My job this particular day was to root out the dead from the files. Anyone who had died was no longer due an obituary – it stood to reason, really; nor were they likely to be profiled – solely an honour bestowed on the living. So the files referring to the deceased were to be cast into a skip at the back of the building. I was to undertake this venture.

I sat and flicked through files. On my knee, I balanced a list of the living and the dead, and crossed the dead off as I discovered them. First the As, then the Bs, then the Cs – you get the idea. Then, I came across a file labelled ‘Doodlebaum, H.J.’ in neat black script. Doodlebaum. I recognized the name from somewhere. Doodlebaum.

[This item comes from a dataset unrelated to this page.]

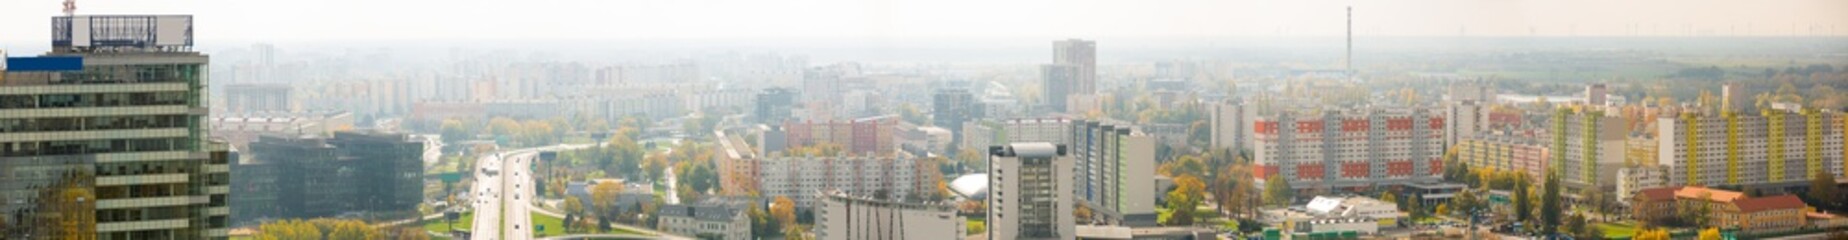 Panoramic view of Bratislava with modern apartment buildings
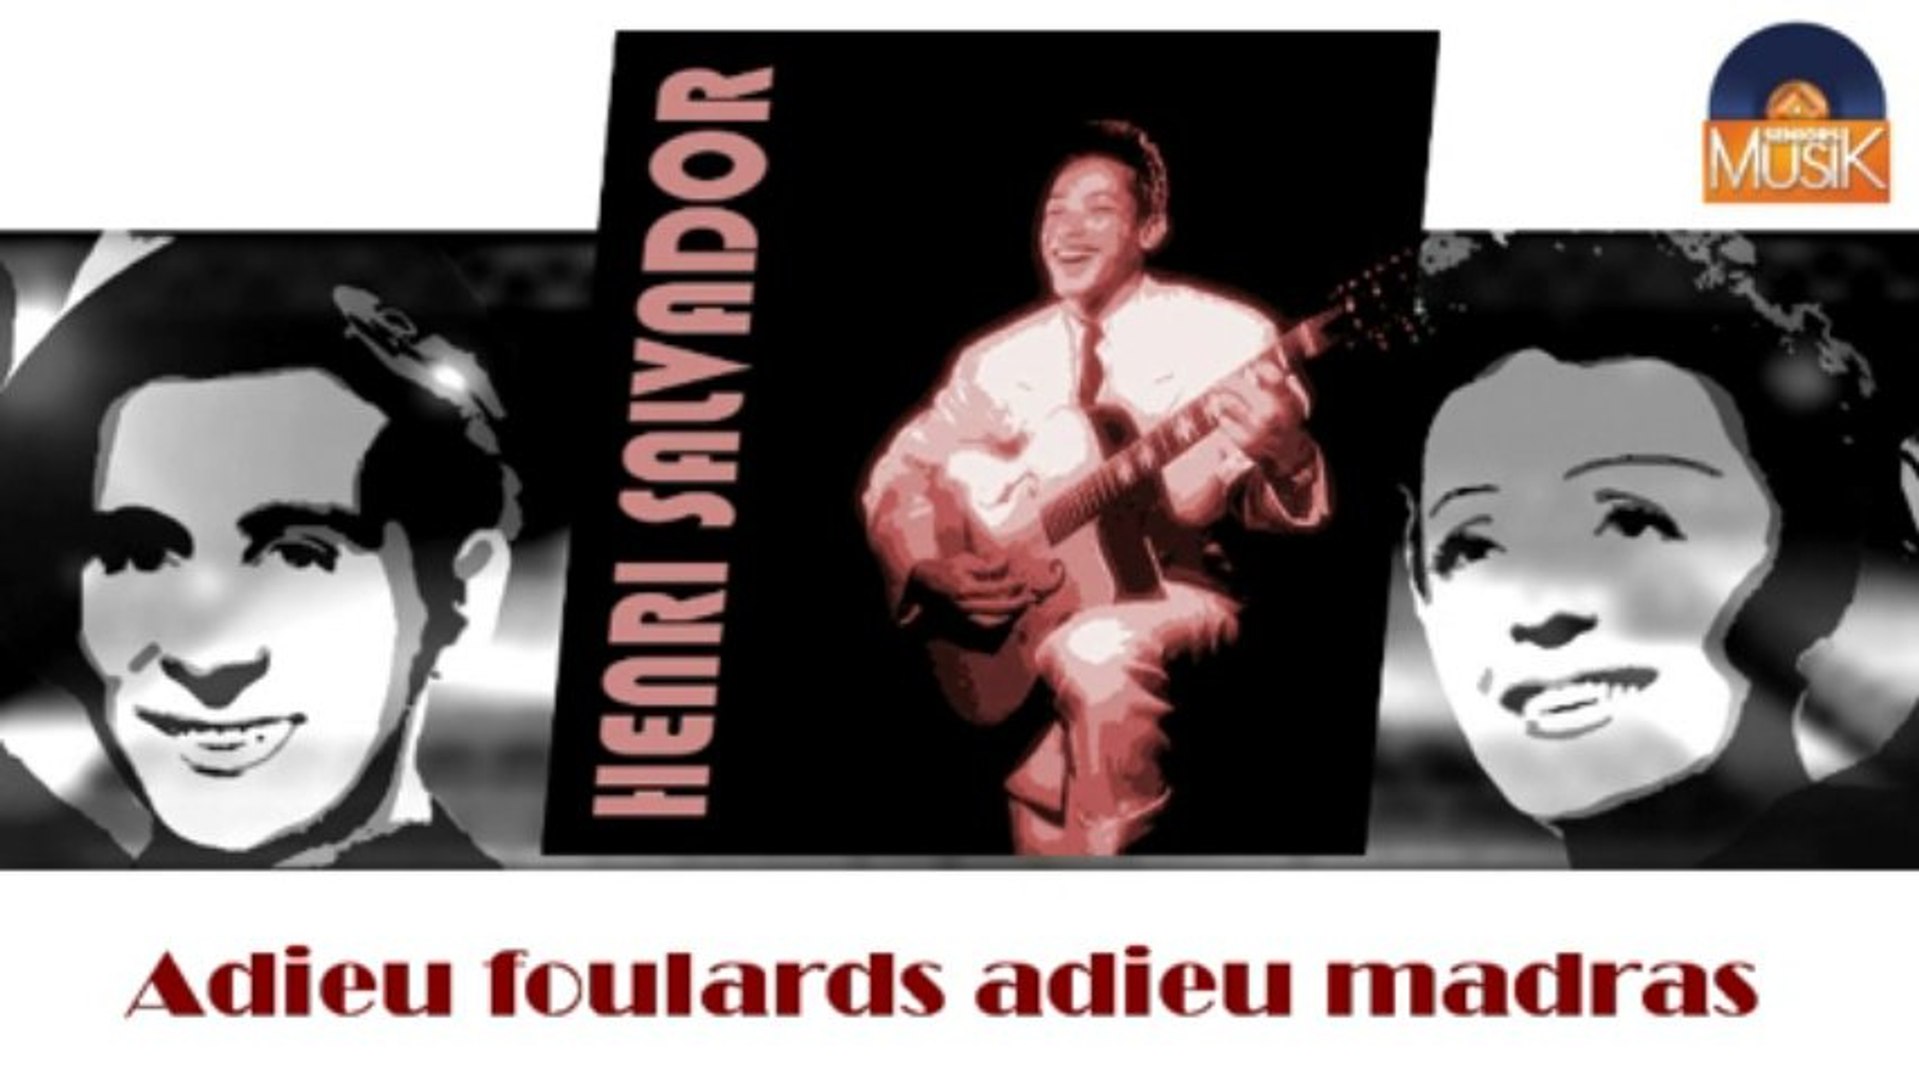 Henri Salvador - Adieu foulards adieu madras (HD) Officiel Seniors Musik -  Vidéo Dailymotion

The name brought a smile to my face. That’s right, I had read one of the novels written by this novelist while an undergraduate – a rarely-thumbed hardback plucked from the dusty shelves of the library. I wanted to know more about him, so that evening I stuffed the file into my rucksack and brought it home to my cramped apartment, reading its contents over a number of days, and summarising what I learned about Doodlebaum in the following document.

“The corpus of Hiram Doodlebaum’s writing was left gapingly incomplete when he died in a plane crash in the Mojave Desert in 1943. He had flown from Los Angeles that fateful day, carrying the only known copy of the manuscript of what was to be his final work with him in a brown leather valise. As his DC7 spun into the dry landscape of the Mojave that August afternoon, there were two great losses to the literary world: Doodlebaum the world-famous novelist, and the only copy of what was rumoured to be one of the masterpieces of twentieth-century fiction.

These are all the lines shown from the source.